*Data supplied*.
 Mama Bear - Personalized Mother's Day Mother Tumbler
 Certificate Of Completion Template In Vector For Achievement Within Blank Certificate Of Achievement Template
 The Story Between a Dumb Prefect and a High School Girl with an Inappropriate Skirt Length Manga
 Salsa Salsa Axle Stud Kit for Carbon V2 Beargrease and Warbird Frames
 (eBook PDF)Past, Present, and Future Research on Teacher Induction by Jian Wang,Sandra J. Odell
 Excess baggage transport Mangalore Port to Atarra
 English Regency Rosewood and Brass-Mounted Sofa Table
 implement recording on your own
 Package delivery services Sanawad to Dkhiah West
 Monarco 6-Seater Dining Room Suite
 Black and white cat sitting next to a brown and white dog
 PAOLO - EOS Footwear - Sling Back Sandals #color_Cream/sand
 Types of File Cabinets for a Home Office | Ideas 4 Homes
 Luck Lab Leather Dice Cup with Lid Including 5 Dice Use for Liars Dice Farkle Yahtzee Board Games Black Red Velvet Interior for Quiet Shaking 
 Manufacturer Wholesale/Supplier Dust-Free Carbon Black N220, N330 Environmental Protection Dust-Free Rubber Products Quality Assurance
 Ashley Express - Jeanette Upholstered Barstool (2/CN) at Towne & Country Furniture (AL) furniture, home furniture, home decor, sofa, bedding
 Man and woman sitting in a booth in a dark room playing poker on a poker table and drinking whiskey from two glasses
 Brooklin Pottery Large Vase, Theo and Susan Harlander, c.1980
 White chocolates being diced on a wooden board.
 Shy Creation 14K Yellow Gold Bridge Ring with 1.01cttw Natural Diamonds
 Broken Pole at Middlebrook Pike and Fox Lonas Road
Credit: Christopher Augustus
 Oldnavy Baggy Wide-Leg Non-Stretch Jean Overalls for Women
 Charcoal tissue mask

*Task*.
Look through the listing above and copy each line where the string "sitting" occurs.

*Task result*.
 Black and white cat sitting next to a brown and white dog
 Man and woman sitting in a booth in a dark room playing poker on a poker table and drinking whiskey from two glasses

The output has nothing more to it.